Exercise is an important part of rehabilitation after a fracture. Exercise can help you regain strength, range of motion and flexibility in your joints and muscles. After suffering from an elbow or humerus fracture, it is a good idea to begin training your triceps muscles. Begin your rehab program slowly with range of motion and flexibility, easing into strengthening. Work with a physical therapist to maintain safety and effectiveness. Your therapist can determine, based on your feedback, how to progress with exercise.
Importance
When you heal from a fracture, the affected limb is completely immobilized for weeks. During this period it is common for muscles to atrophy and for connective tissues and joints to become rigid. Exercise can improve flexibility and range of motion while rebuilding muscle. For a full recovery, it is important you participate in exercise several times a day, following the instructions given by your doctor or physical therapist.
Range of Motion
Begin with elbow and triceps range of motion exercises. Do an elbow bend exercise by starting with your elbow bent up as far as possible. Slowly straighten your arm along your side as much as you can without pain, and repeat 10 to 20 times.
Flexibility
Stretching your triceps is another component of rehab after a fracture. Begin with the elbow extension stretch. In a seated position, prop your upper arm up onto a table so the back of your upper arm is fully supported but your forearm is not.
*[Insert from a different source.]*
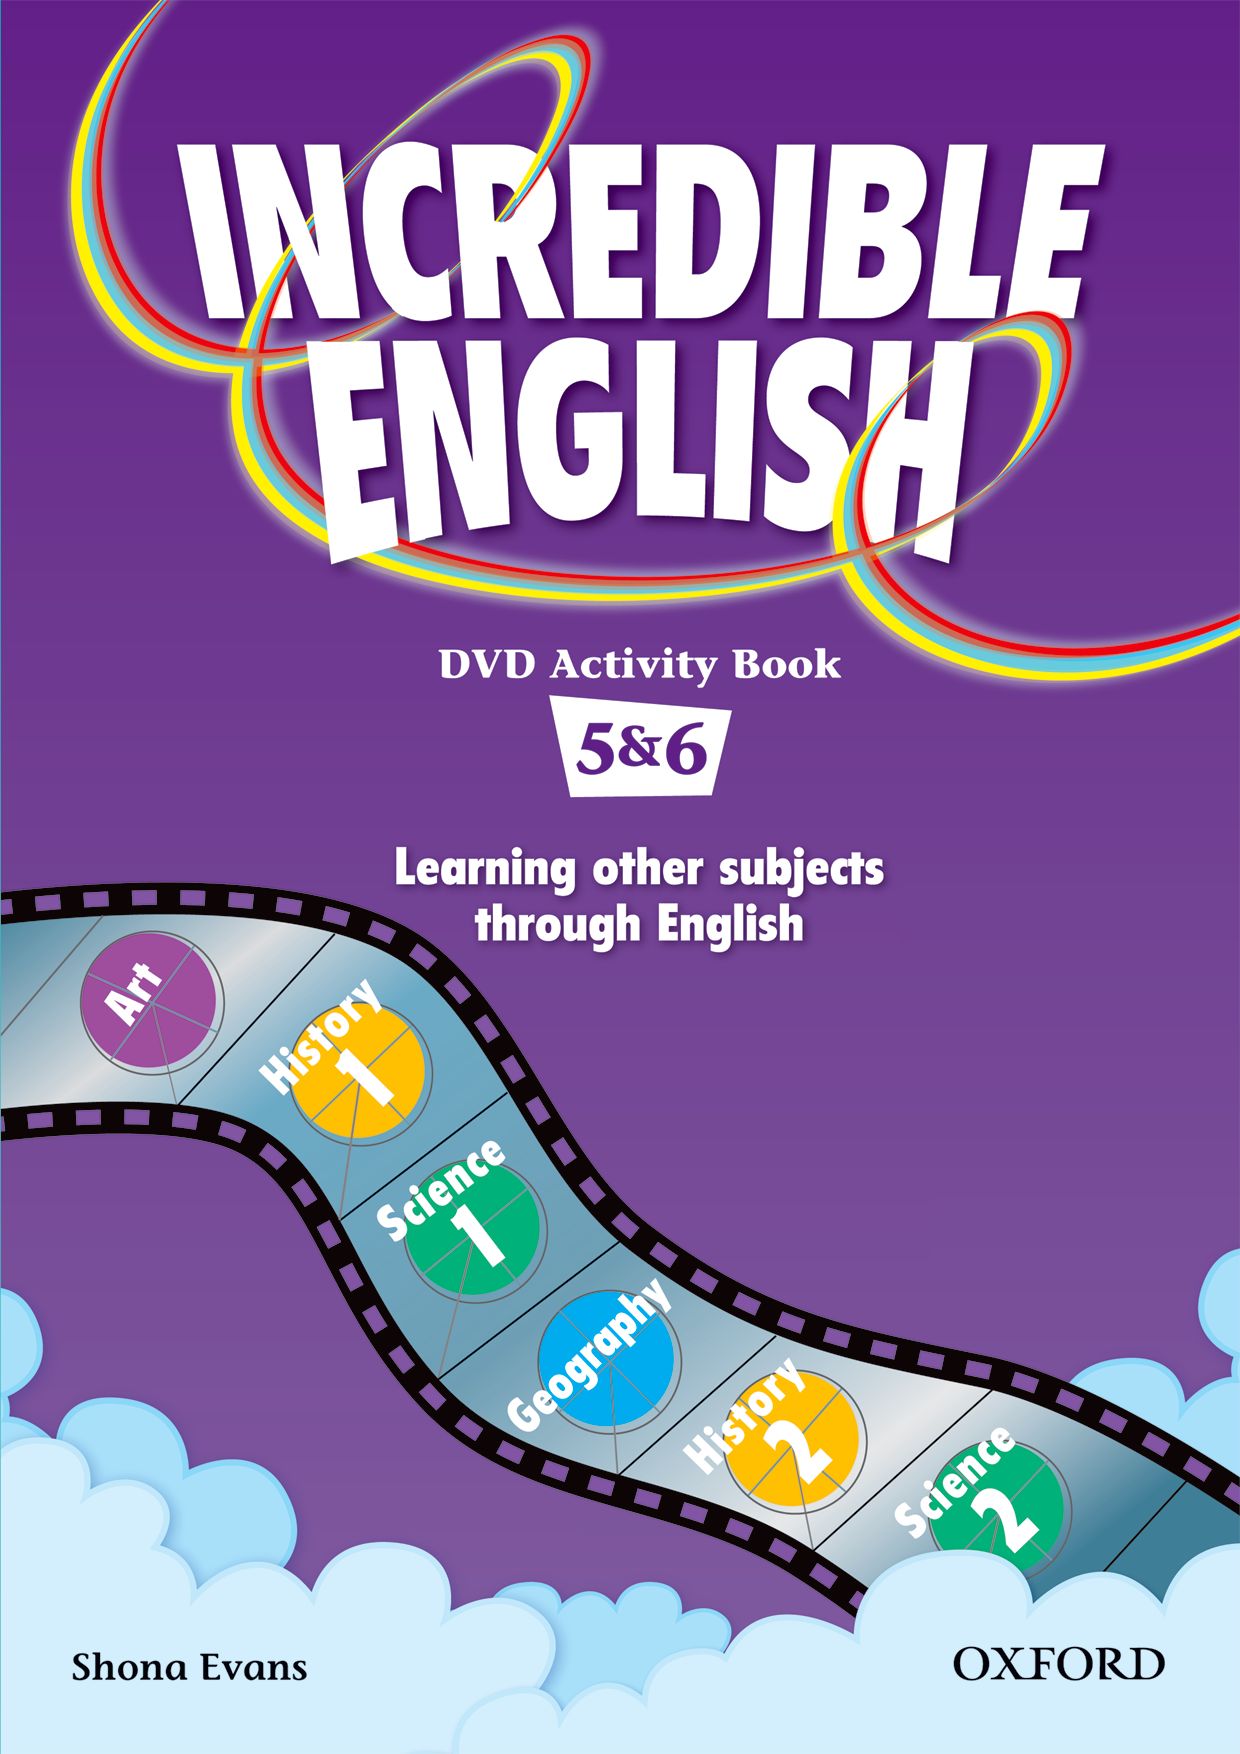 INCREDIBLE ENGLISHLISH 5&6 DVD AB

With the uninjured-side hand, slowly and gently push down on the forearm of your injured arm until you feel a stretch in your triceps. Hold for 20 to 30 seconds in a pain-free range, then relax. As you progress, try doing the overhead triceps stretch. Lift your arm behind your back by bending your elbow up so your forearm is behind your head. With the uninjured-side hand, press on your elbow to increase the stretch. Hold for 20 to 30 seconds. This stretch should be pain free.
Strength
Begin your strengthening program with resistance band exercises. Bands make it possible to add as much or as little resistance as you like, and band exercises are easy to advance and to do at home. For the triceps, start with the triceps extension exercise. Tie your resistance band, from the middle, to something overhead. Grab the two ends with your hands, keeping your elbows bent and hands on either side of your chest. As you exhale, slowly bring your hands down to your legs by extending your elbows, hold for one second, then inhale and return to the starting position. Repeat 10 to 15 times.